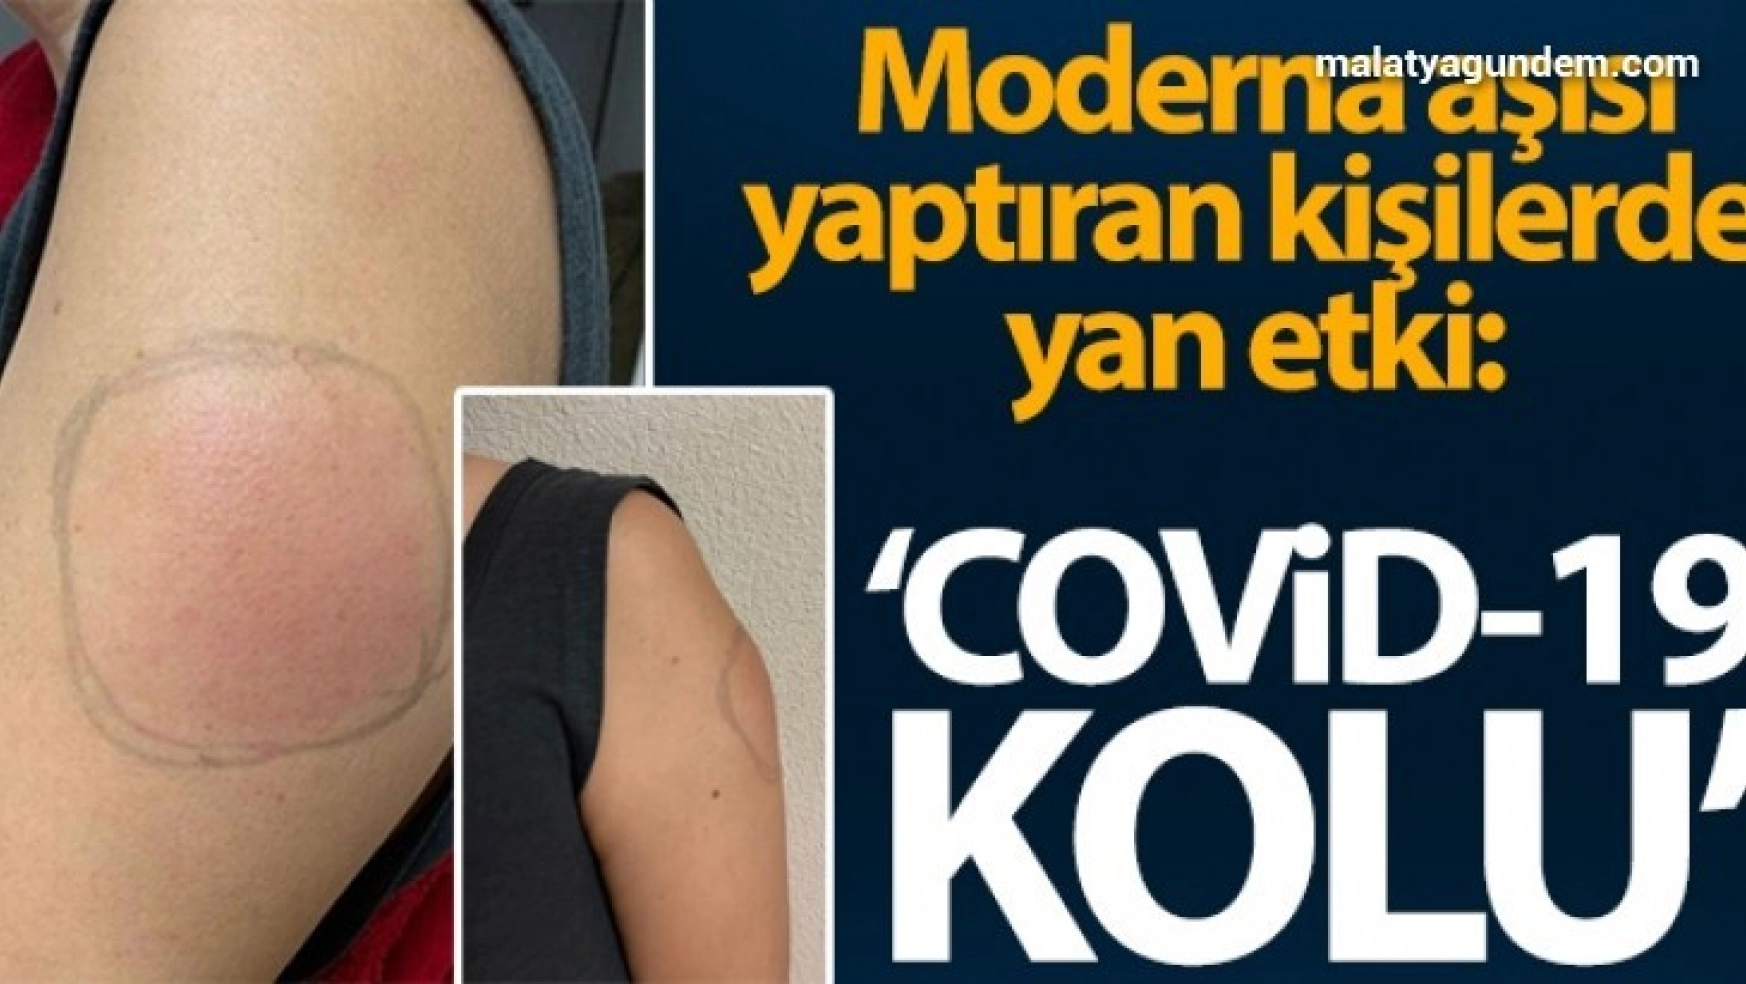 ABD'de Moderna aşısı yaptıran kişilerde yan etki: 'Covid-19 kolu'
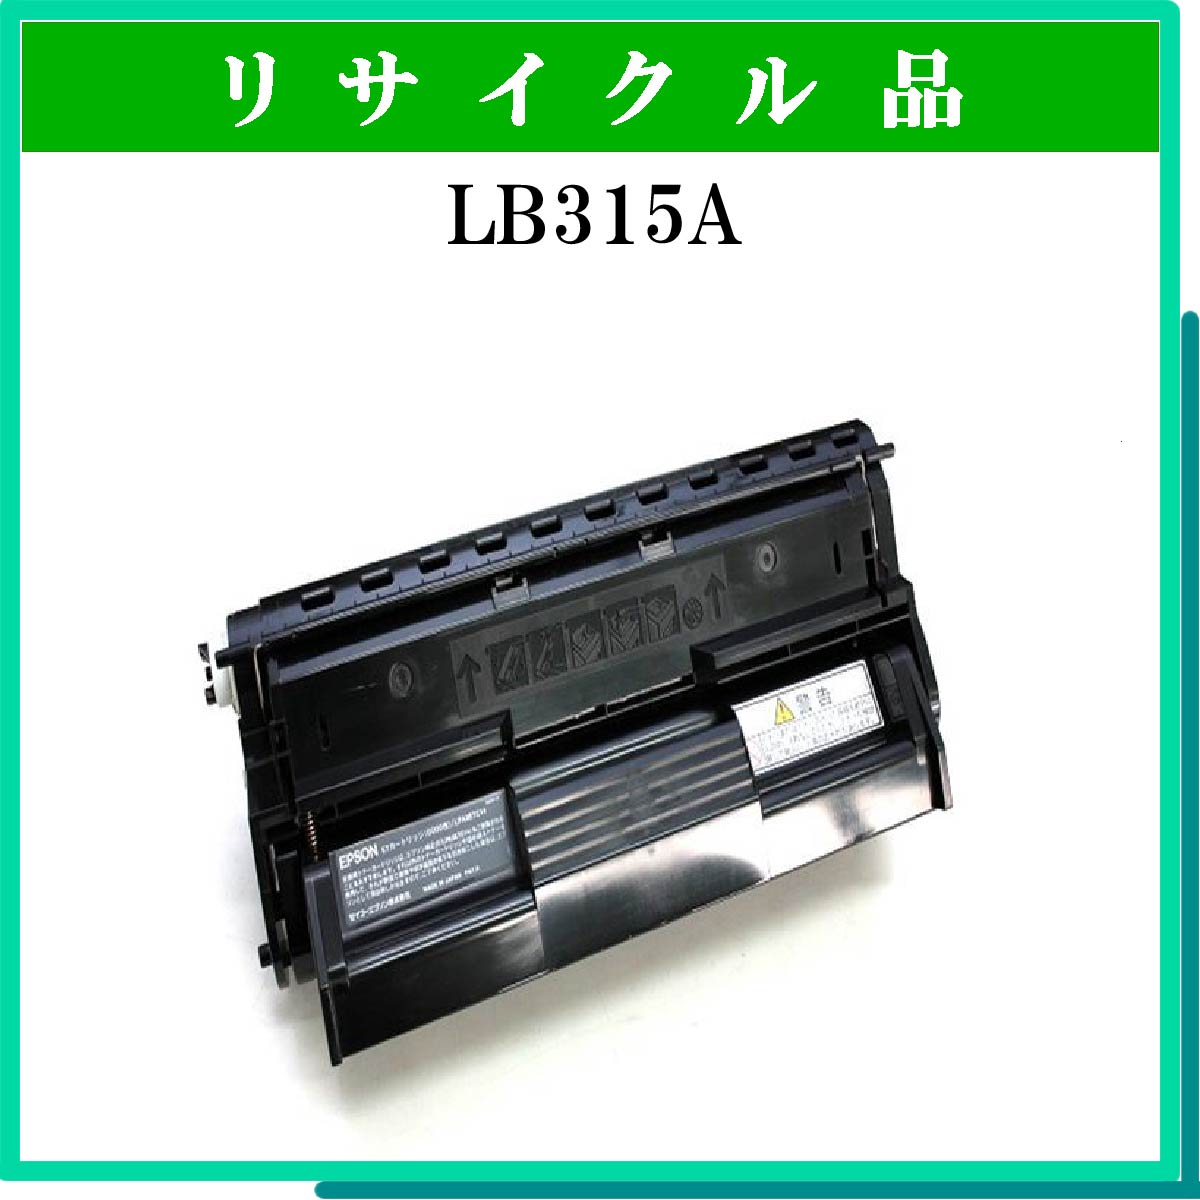 LB315A
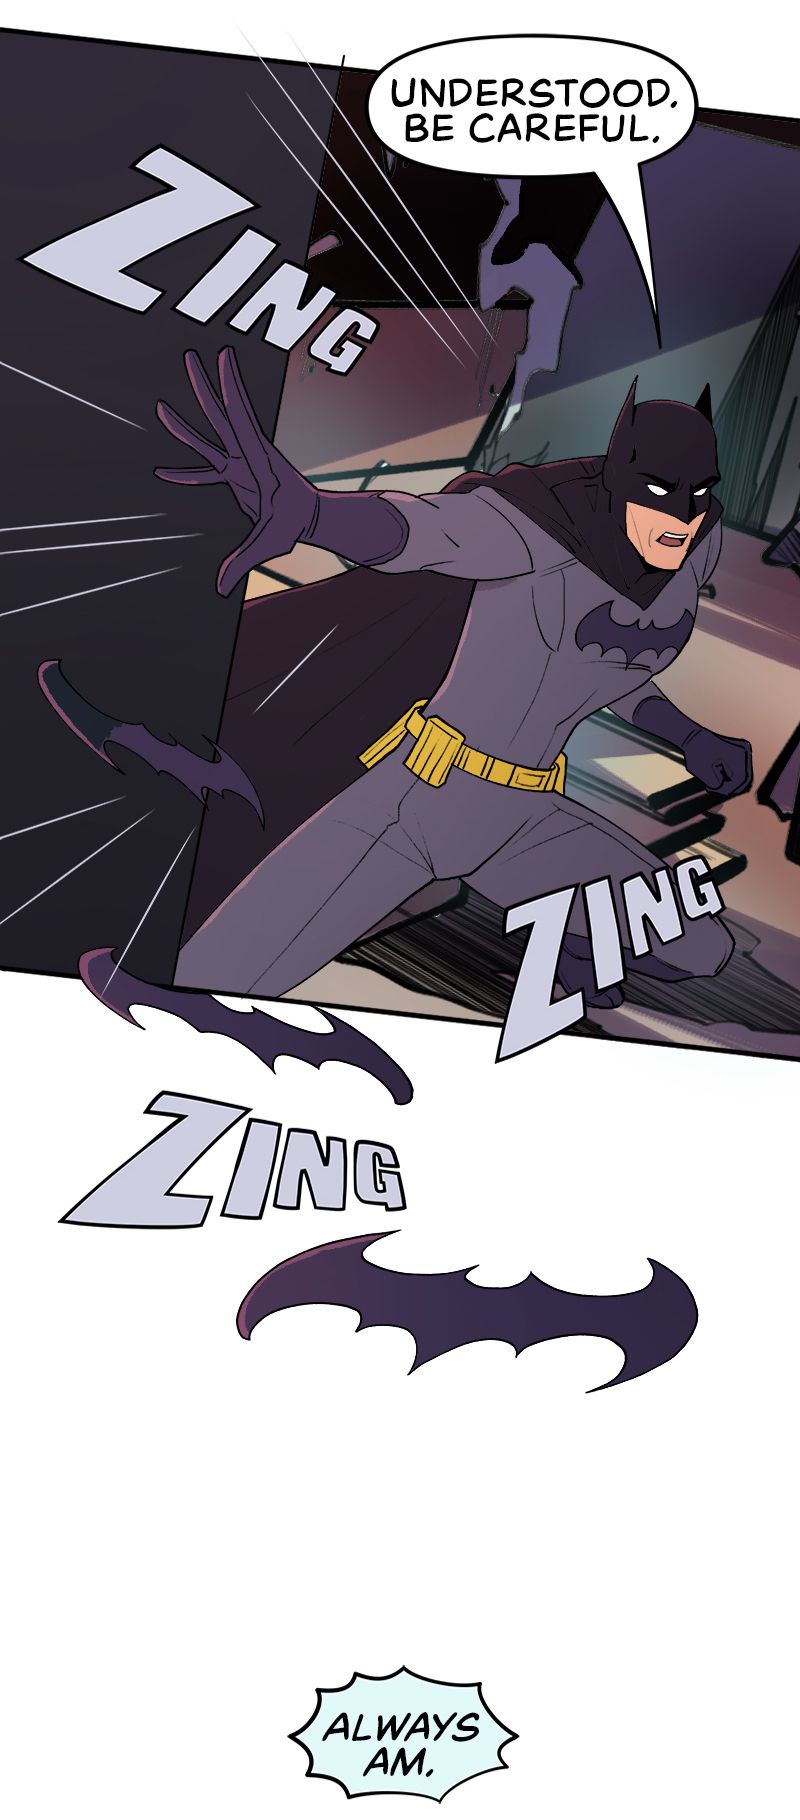 Batman dice a Robin di stare attento mentre lancia i batarang.  
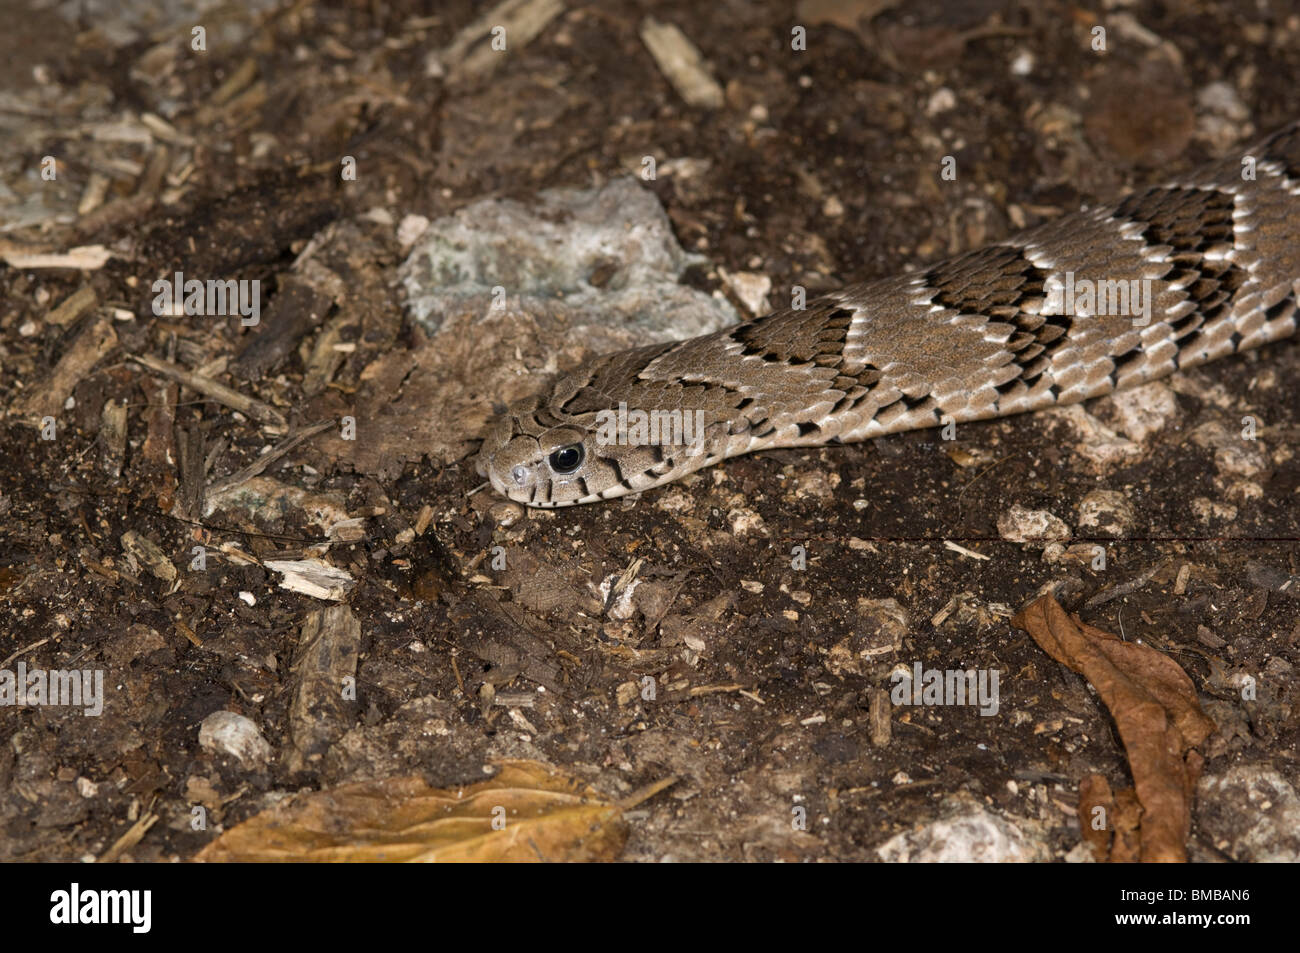 Rhombic night adder ( Causus rhombeatus), Kenya Stock Photo

|---|

▶ Your instructions
After removing the pictures, transcribe the listing above exactly.

▶ Output below
 ABD'de Moderna aşısı yaptıran kişilerde yan etki: 'Covid-19 kolu'
 LB315A
 Batman dice a Robin di stare attento mentre lancia i batarang.  
 Rhombic night adder ( Causus rhombeatus), Kenya Stock Photo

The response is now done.